Я не мог оставить ее, не успокоив — постоял в раздумье и вошел в ее комнату. Она лежала на постели лицом вниз, уткнувшись лицом в подушку и вздрагивая от беззвучных рыданий: вздрагивало ее тело, одетое в пестрый ситцевый халатик без рукавов, вздрагивал затылок, вздрагивал не закрытый волосами участок тонкой, такой детской молочно-белой шеи с завитком светлых волос за розовым ухом. Меня пронизало чувство острой жалости к ней, такой беззащитной и бесконечно одинокой; хотелось обхватить ее еще неокрепшее девичье тело ладонями, крепко прижать к себе, как малого ребенка, гладить ее волосы, говорить что-нибудь веселое, ободряющее, обещать сделать все для того, чтобы она не страдала и не плакала, и я уже занес, было, руку, но вспомнил о Тебе и подумал: "Ну почему, почему опять — я?
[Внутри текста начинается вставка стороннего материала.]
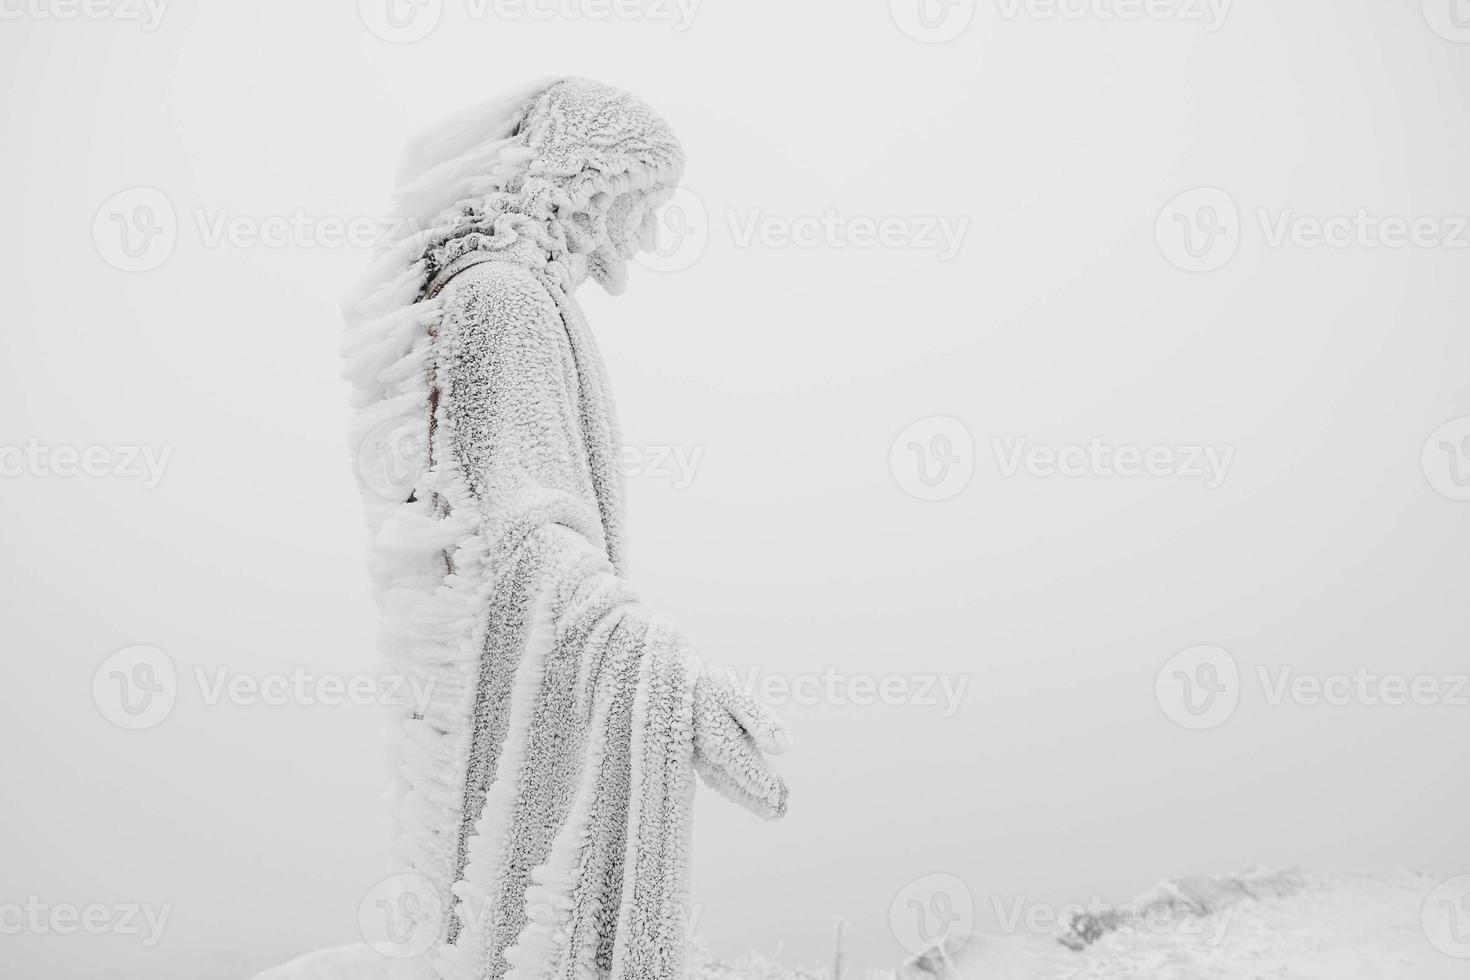 die statue von jesus ist auf dem berg mit schnee und eis bedeckt foto

Почему никто больше не хочет думать о близких?.." И все же я осторожно сел на край постели, положил ладонь на ее вздрагивающее плечо и тихо, стараясь ее успокоить, извиняющимся голосом сказал:
— Ну что делать, Алена, если взрослые люди не умеют жить в согласии? Понимаю, как тяжело, когда все рушится. Но надо как-то учиться терпеть; ты уже вон какая большая. Счастья на все времена, видно, не бывает, и всё всегда смешано с горечью, с утратами. Потерпи, милая; всё ведь еще не окончательно — просто нам с мамой надо хорошенько подумать о будущем: может, со временем как-то утрясется?.. Прощай. И помни обо всем хорошем — у нас столько было хорошего!..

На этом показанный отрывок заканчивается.